The eastern suburbs red zone is quickly becoming a huge wasteland as houses disappear and nature takes over. And it looks like it will remain that way for many years.
City and government officials contacted by The Star could give no timeframe for any decisions on what the vast tract of land might eventually be used for when all condemned building are removed.
Mayor Bob Parker favours a "great park concept'' stretching from the Botanic Gardens to the Estuary and possibly linking the New Brighton Mall area.
He said a park encompassing the red zone from the city to the sea would provide a "significant opportunity for New Brighton to re-energise itself" and suggested a cycleway similar to the one through Hornby to Little River should be included.
But Mr Parker cannot say when such a leafy concept could become reality.
He said there was "a minefield of bureaucracy" surrounding the properties already bought by the Crown and he expected discussions would take place once the Government completed its purchasing processes.
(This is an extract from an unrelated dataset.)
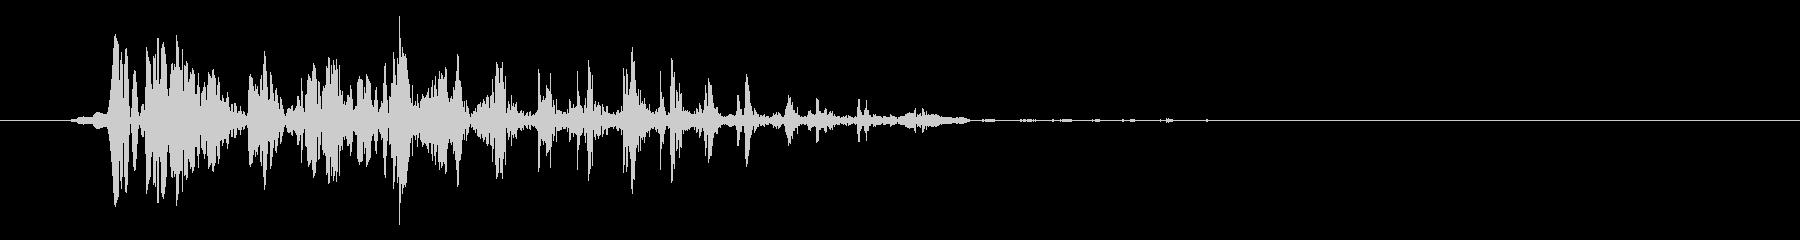 グェッ(アヒルまたは蛙の鳴き声)の未再生の波形

A spokesman for Earthquake Recovery Minister Gerry Brownlee said no decisions had been made about future use of vacant land in the eastern red zone.
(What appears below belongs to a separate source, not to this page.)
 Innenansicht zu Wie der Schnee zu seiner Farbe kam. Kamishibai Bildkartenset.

More than 1300 houses have already been demolished, with about 6000 to go once the owners have settled sales to the Crown by June 30, according to the Canterbury Earthquake Recovery Authority (Cera).
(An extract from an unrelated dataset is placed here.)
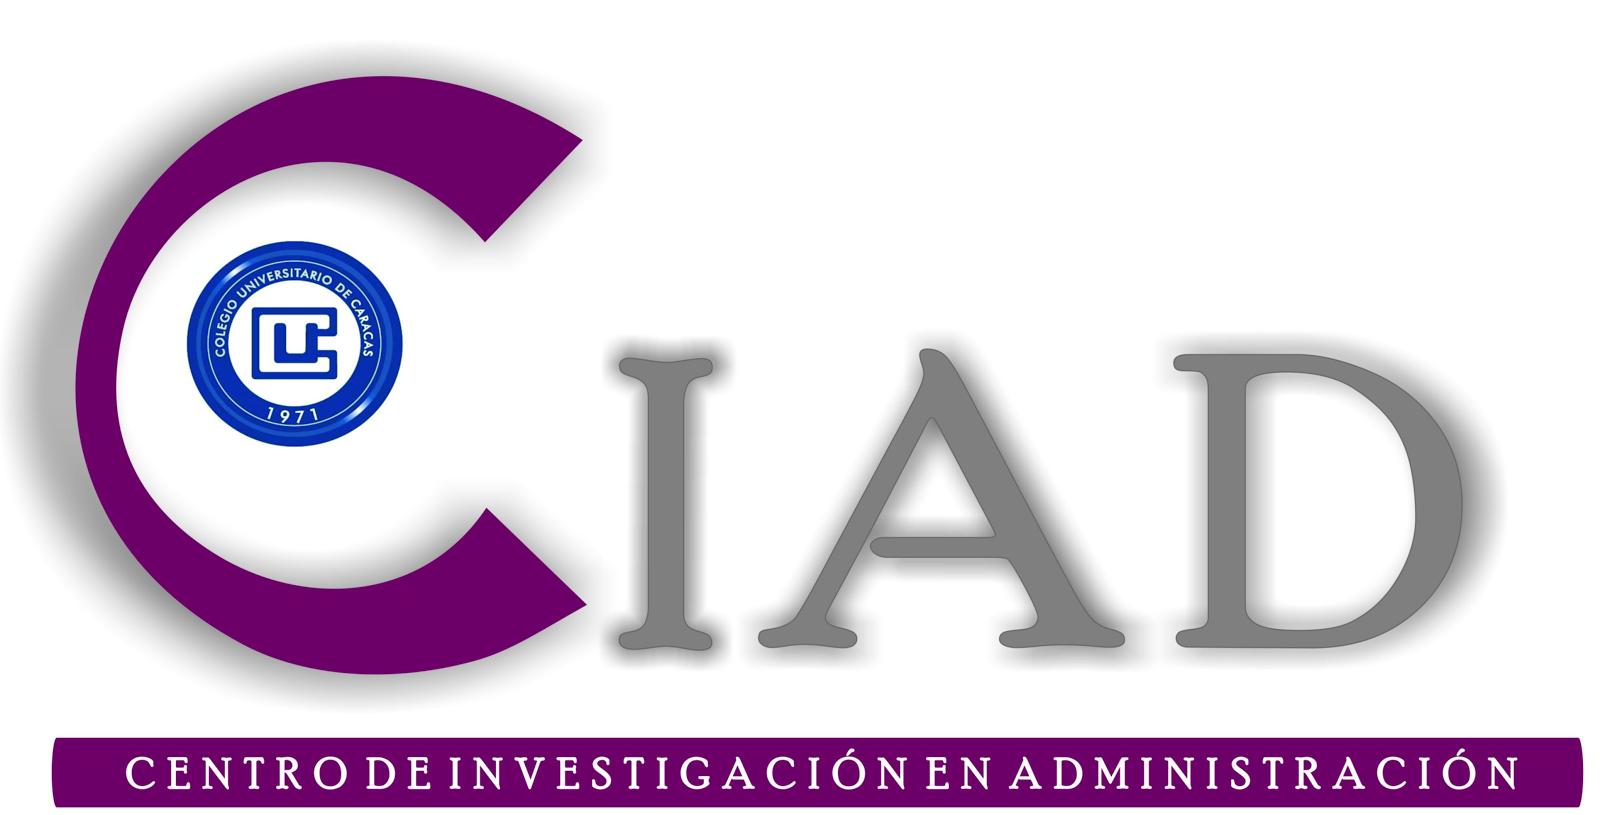 CIAD, Centro de Investigación en Administración

A spokeswoman said it was difficult to be "absolutely specific" on the number still to be demolished because not all the 7860 red zone properties had buildings on them and a small number were expected to be removed by their former owners.
She said Cera was not seeking ideas on how the land might be used.
Land Information New Zealand (LINZ) crown property manager Bill Naik said the government department was helping Cera with property management for eastern suburbs residential red zone properties.
"Cera and LINZ have agreed that LINZ will manage this land after the houses have been demolished, until its long term use has been determined by government," he said.
Housing New Zealand owns 188 properties in the eastern red zone, of which one is still tenanted and three have been demolished.
A spokeswoman said no further demolitions were planned because the corporation was working with Cera and its insurers on all properties vacated because of the earthquakes.
The corporation began a lawn-mowing programme last year to ensure the grounds were maintained. Houses were boarded up to prevent vandalism and all rubbish removed.